__Source data__
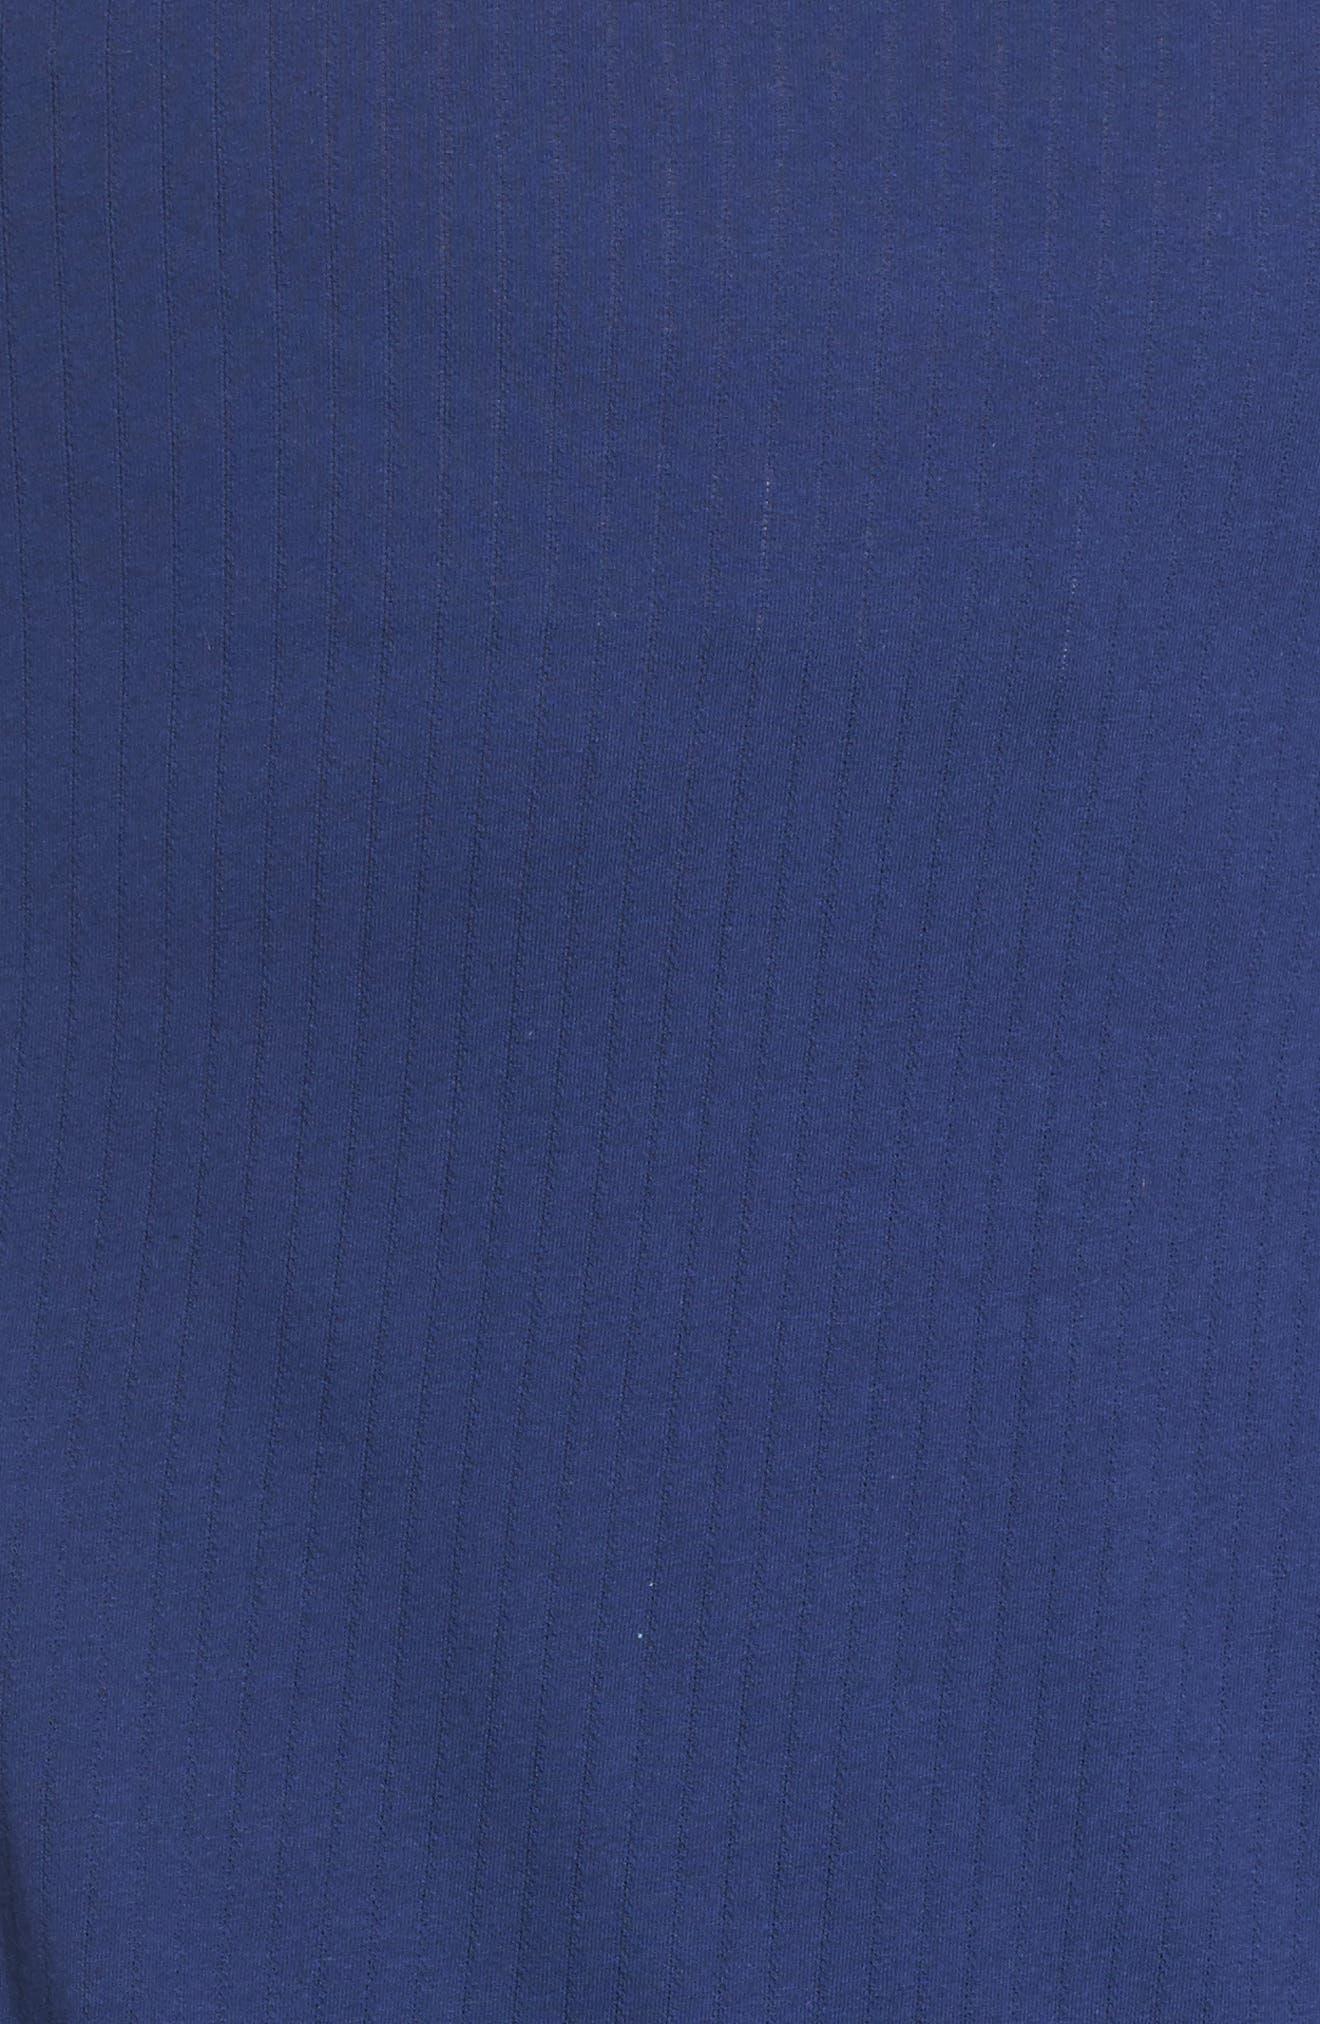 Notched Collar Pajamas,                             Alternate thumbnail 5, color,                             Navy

...

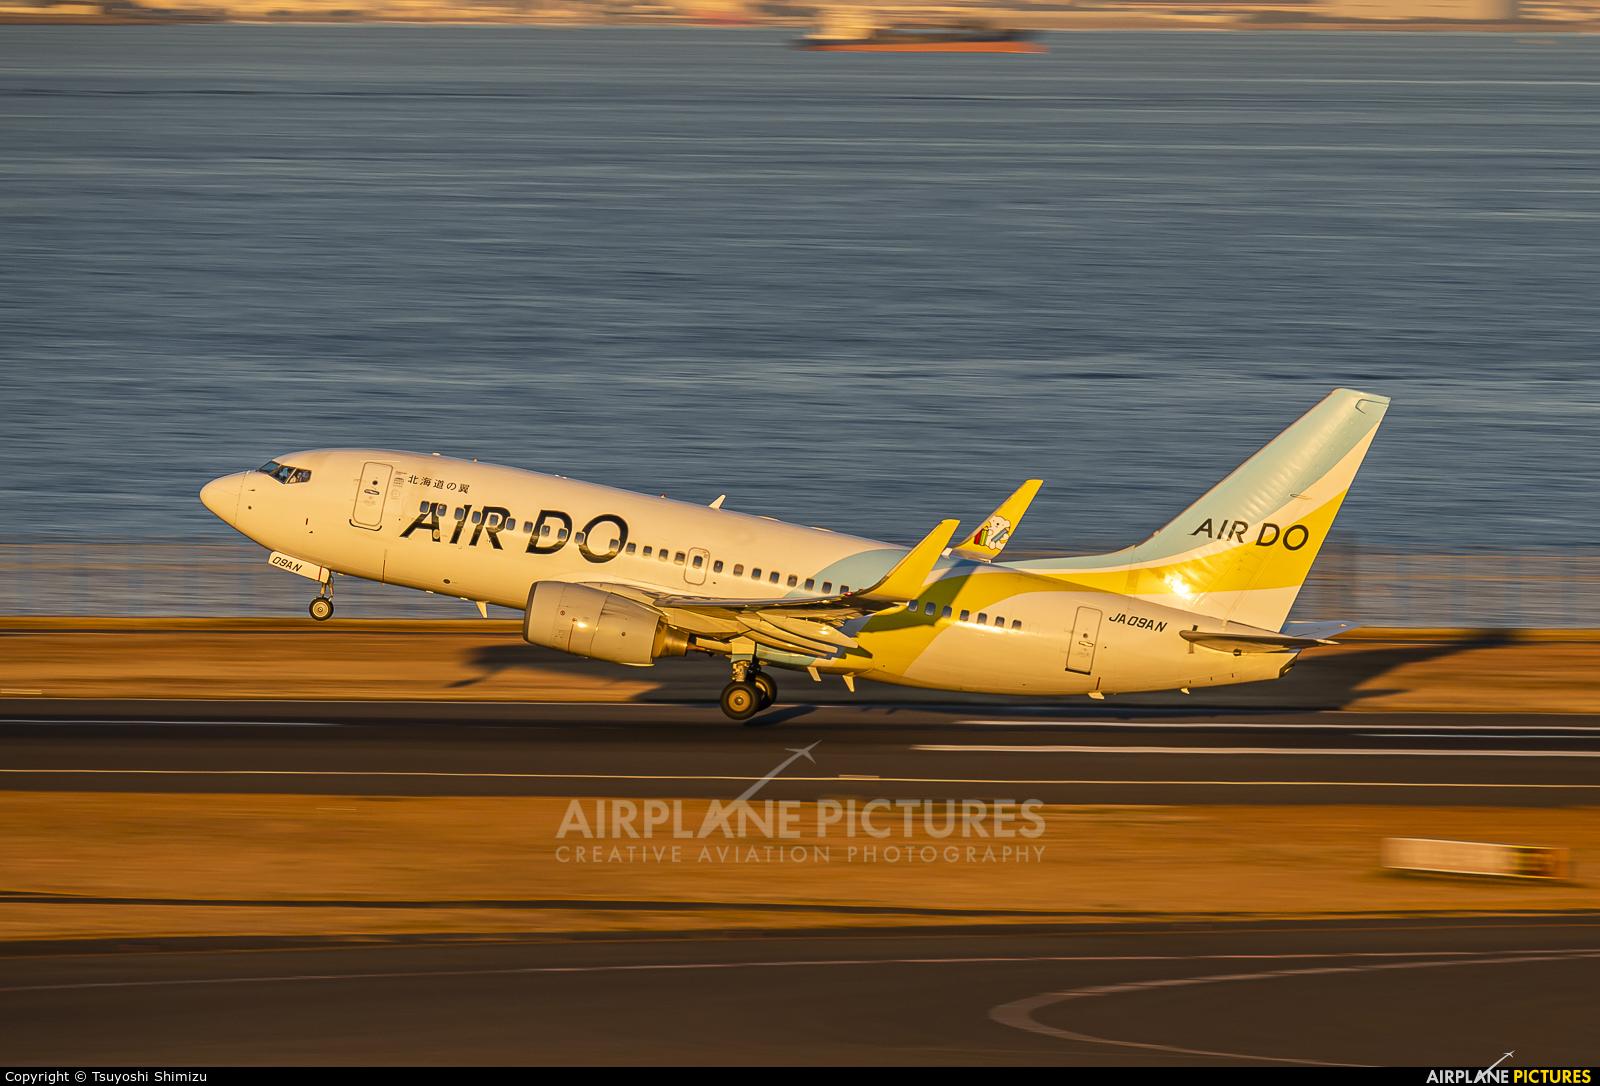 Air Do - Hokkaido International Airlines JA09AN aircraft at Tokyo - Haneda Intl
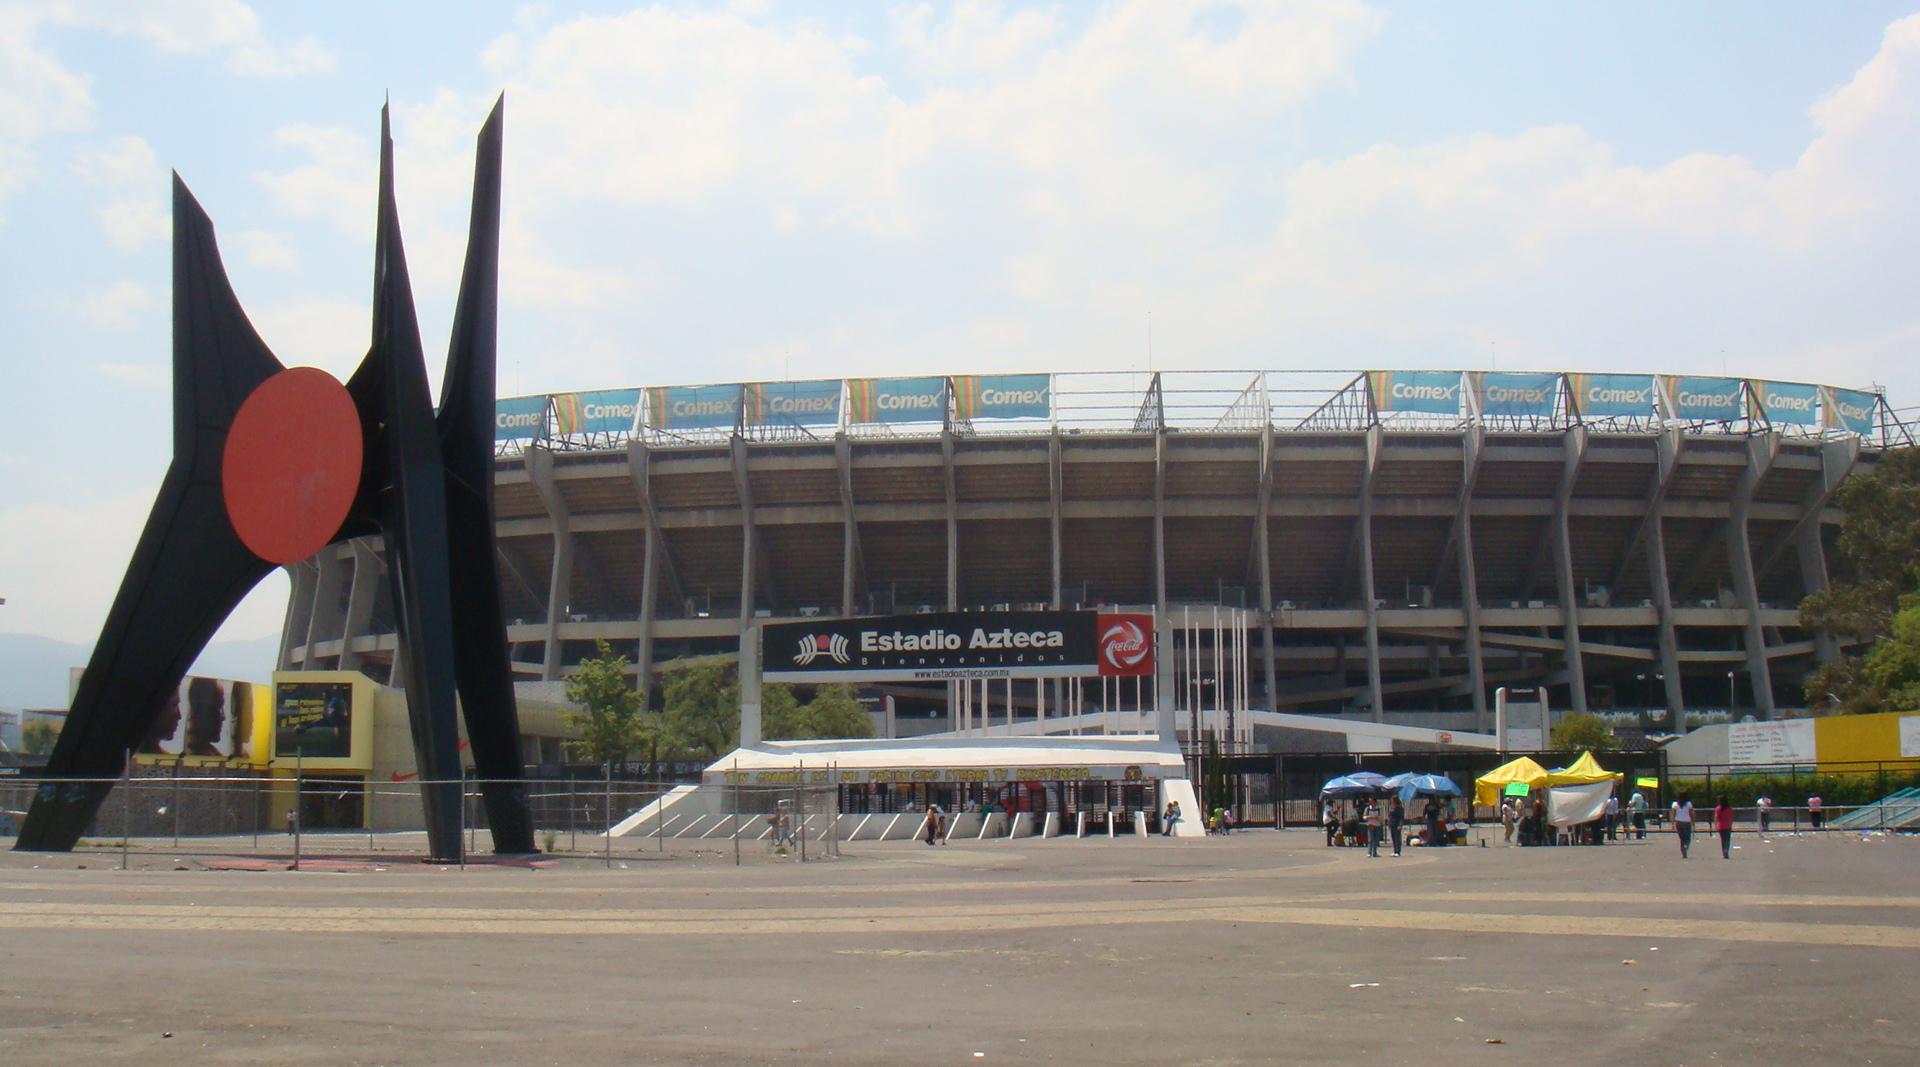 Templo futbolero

__What to work on__
Exact copy, no pictures. Write out the lines in the entries above, starting with the line with "Air Do - Hokkaido" and going on through the line with "Templo futbolero", keeping both.

__Answer to the exercise__
 Air Do - Hokkaido International Airlines JA09AN aircraft at Tokyo - Haneda Intl
 Templo futbolero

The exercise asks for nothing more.